_TASK STATEMENT_
When writing out the entries below, keep only the lines from the line with "ARI-Armaturen_Logo" to the line with "QUEEN - Bohemian Rhapsody - T-Shirt", both included, exactly as they are, and leave the pictures aside.

_EXERCISE MATERIAL_
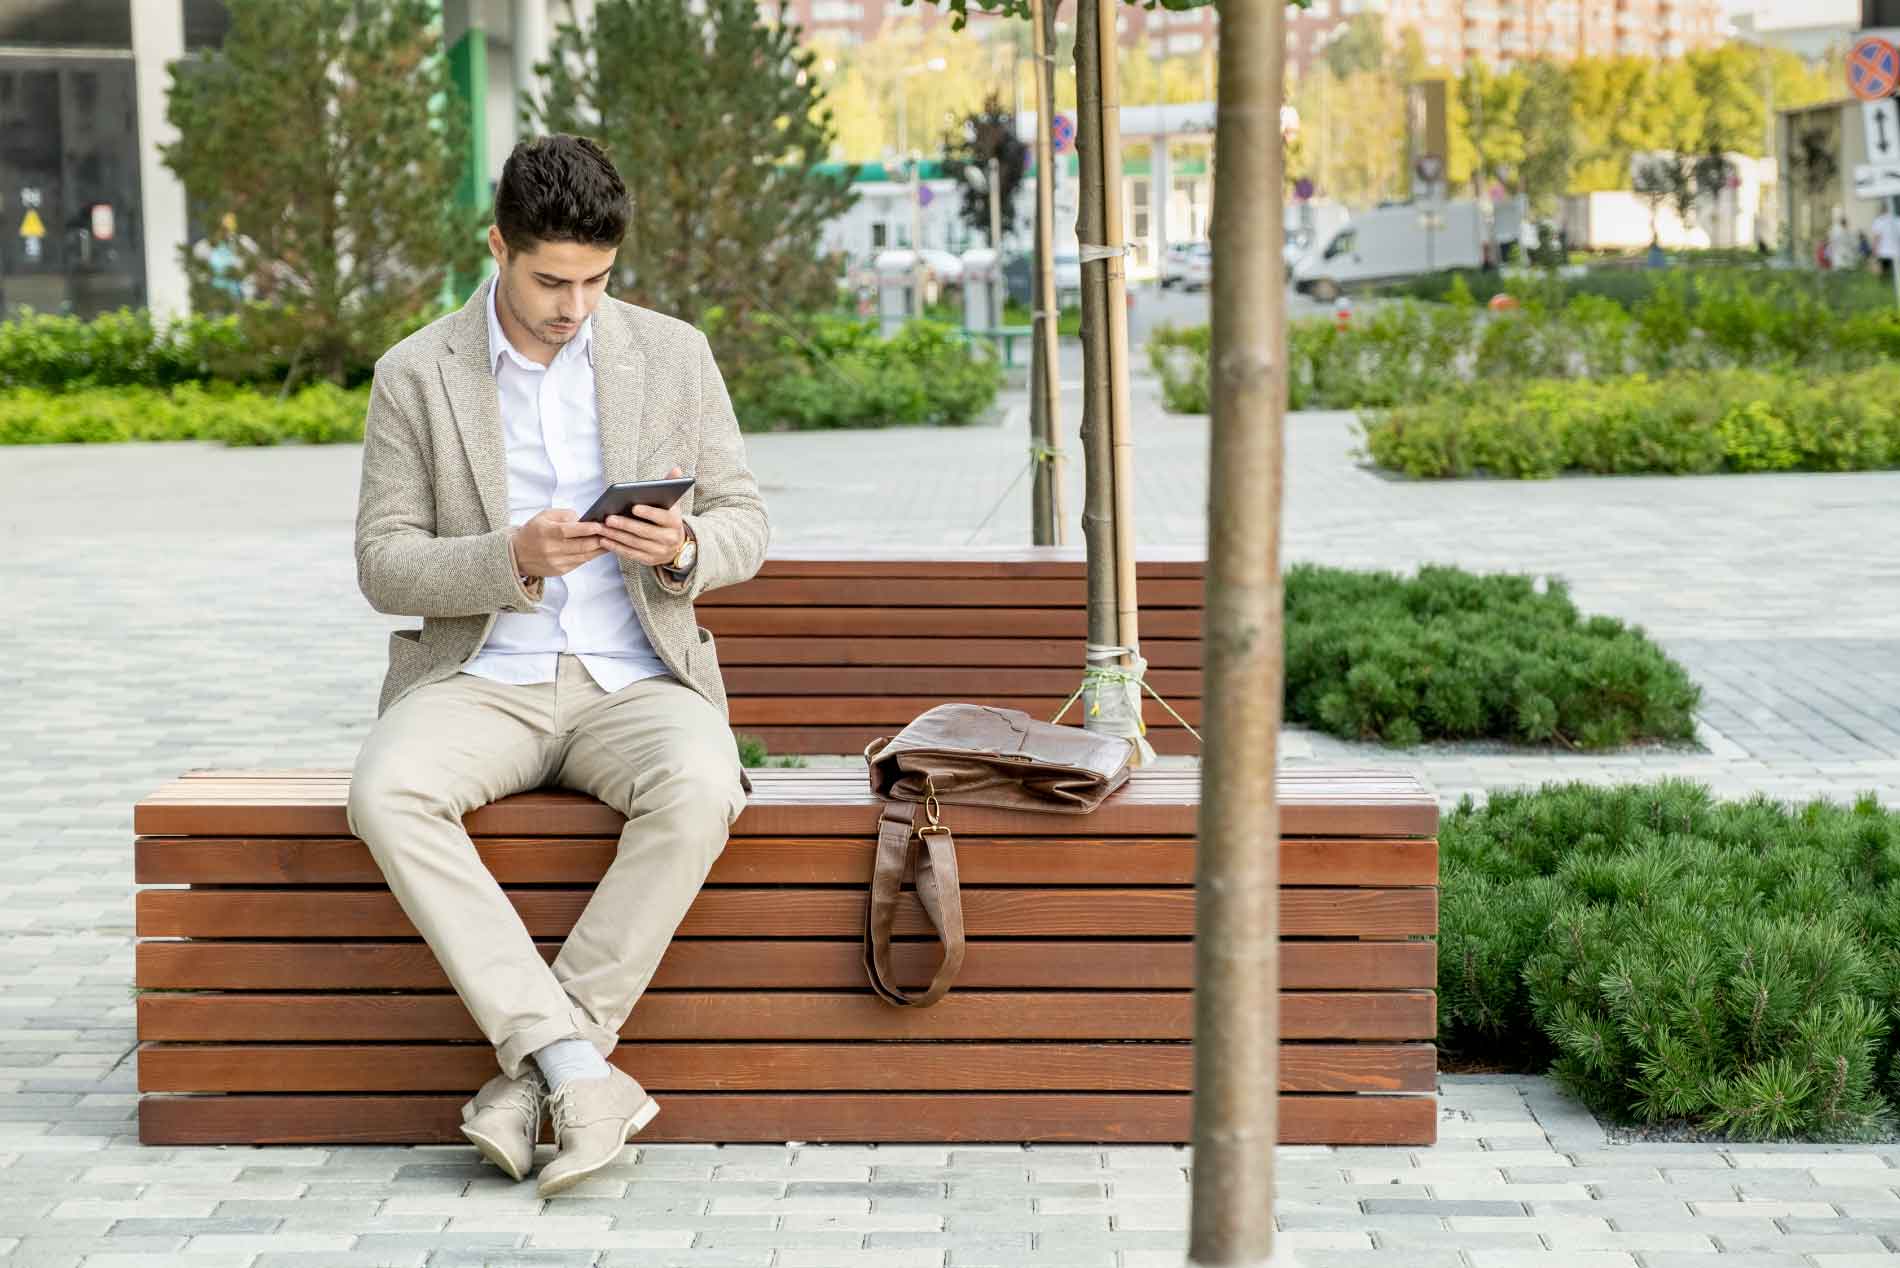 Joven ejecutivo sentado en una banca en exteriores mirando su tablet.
...
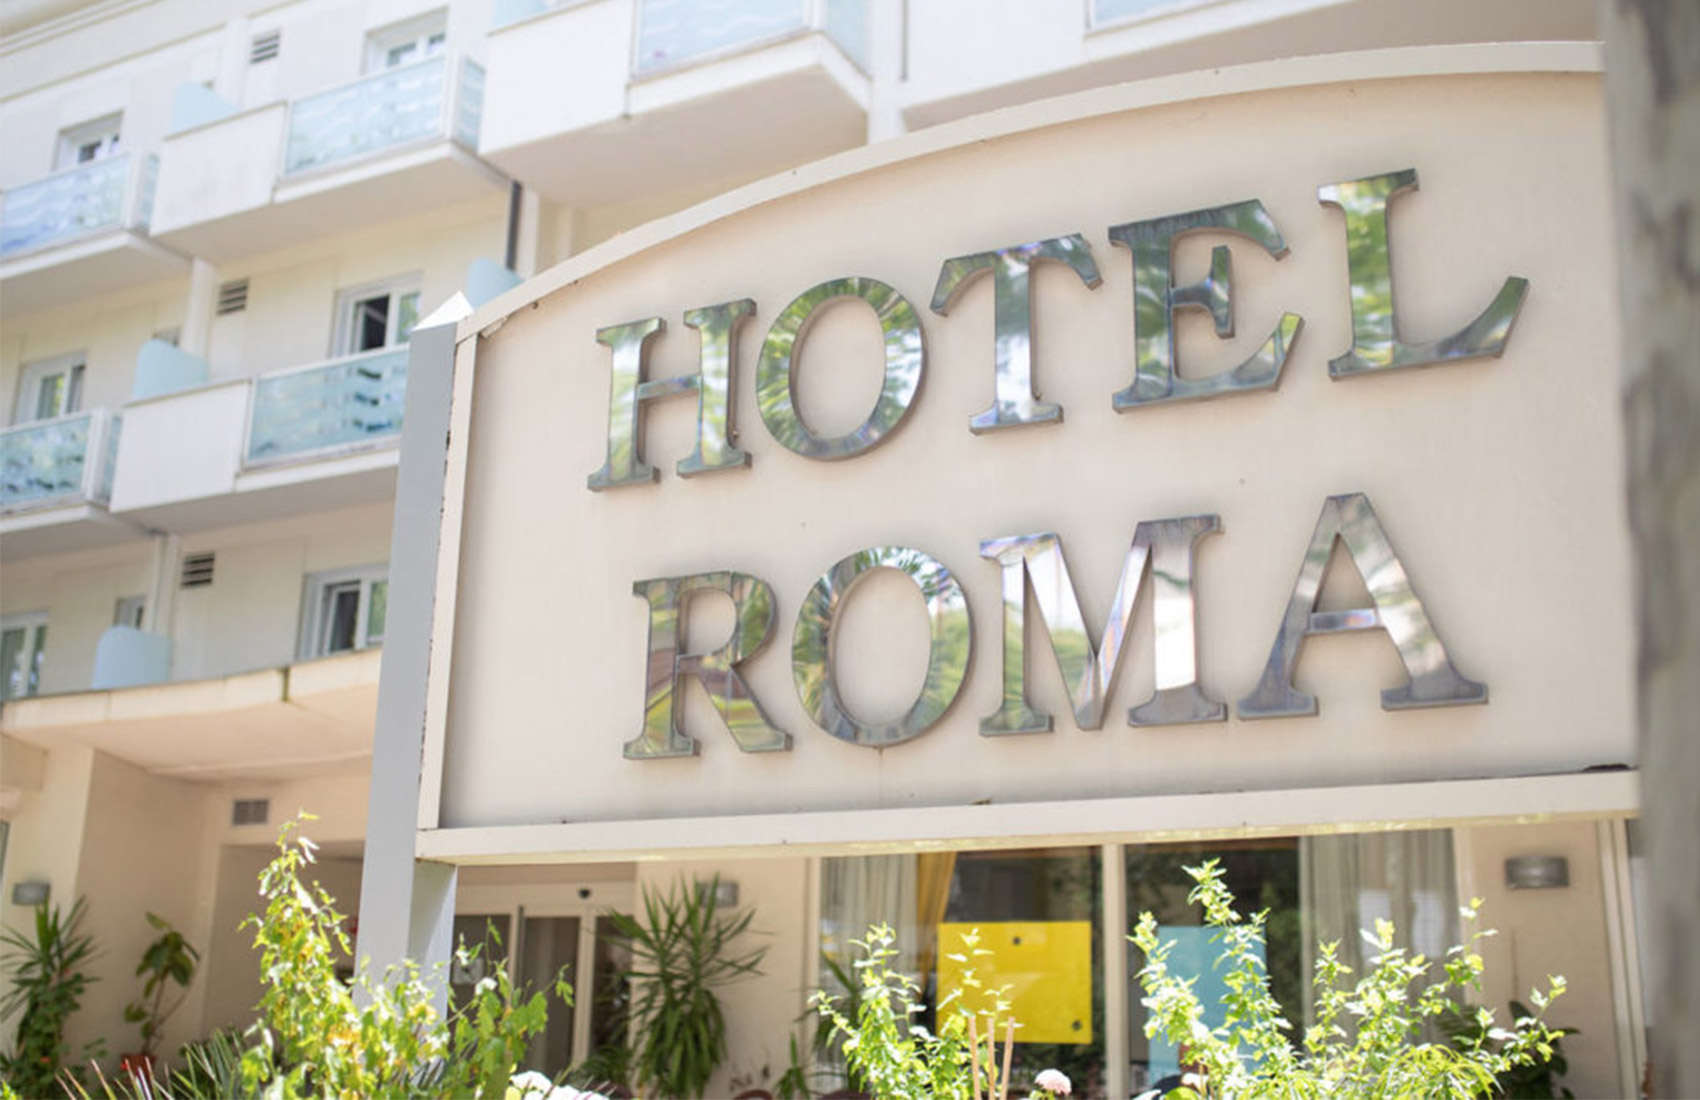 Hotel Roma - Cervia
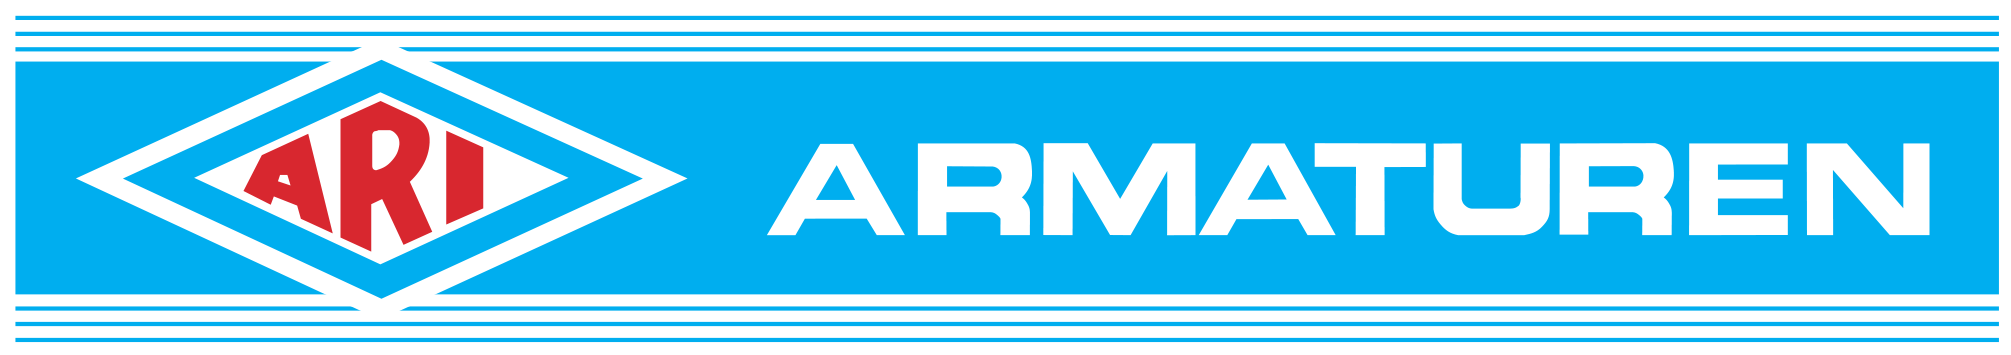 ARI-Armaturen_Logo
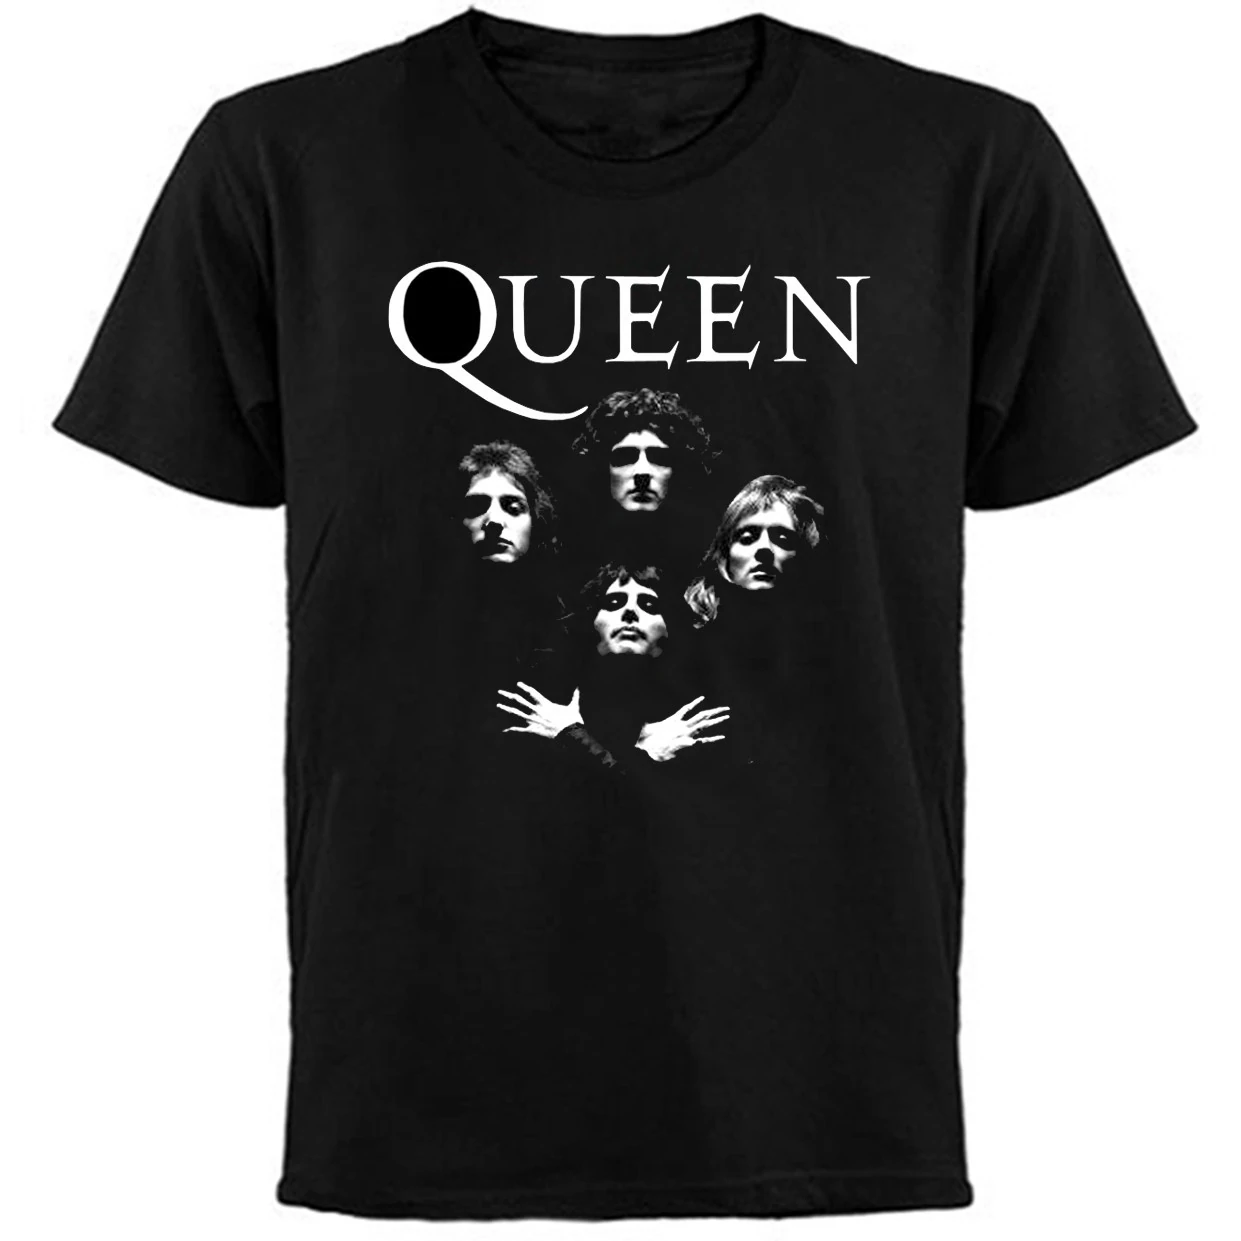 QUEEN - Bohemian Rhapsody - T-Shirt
...
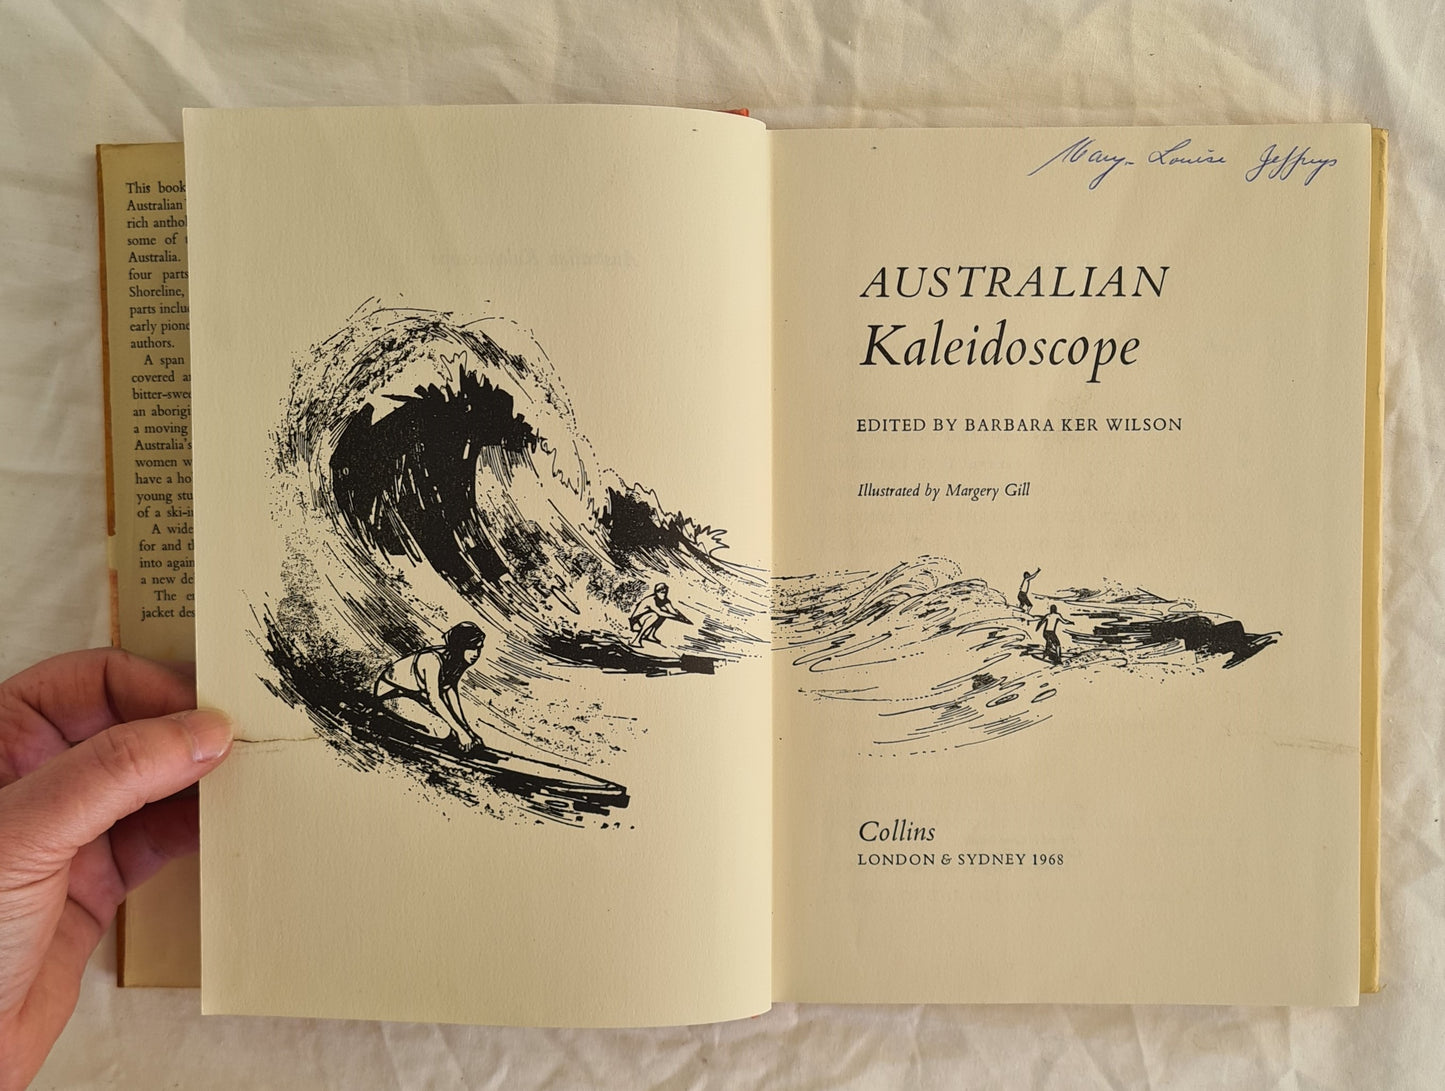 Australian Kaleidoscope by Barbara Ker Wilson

_RESPONSE BOX_
 ARI-Armaturen_Logo
 QUEEN - Bohemian Rhapsody - T-Shirt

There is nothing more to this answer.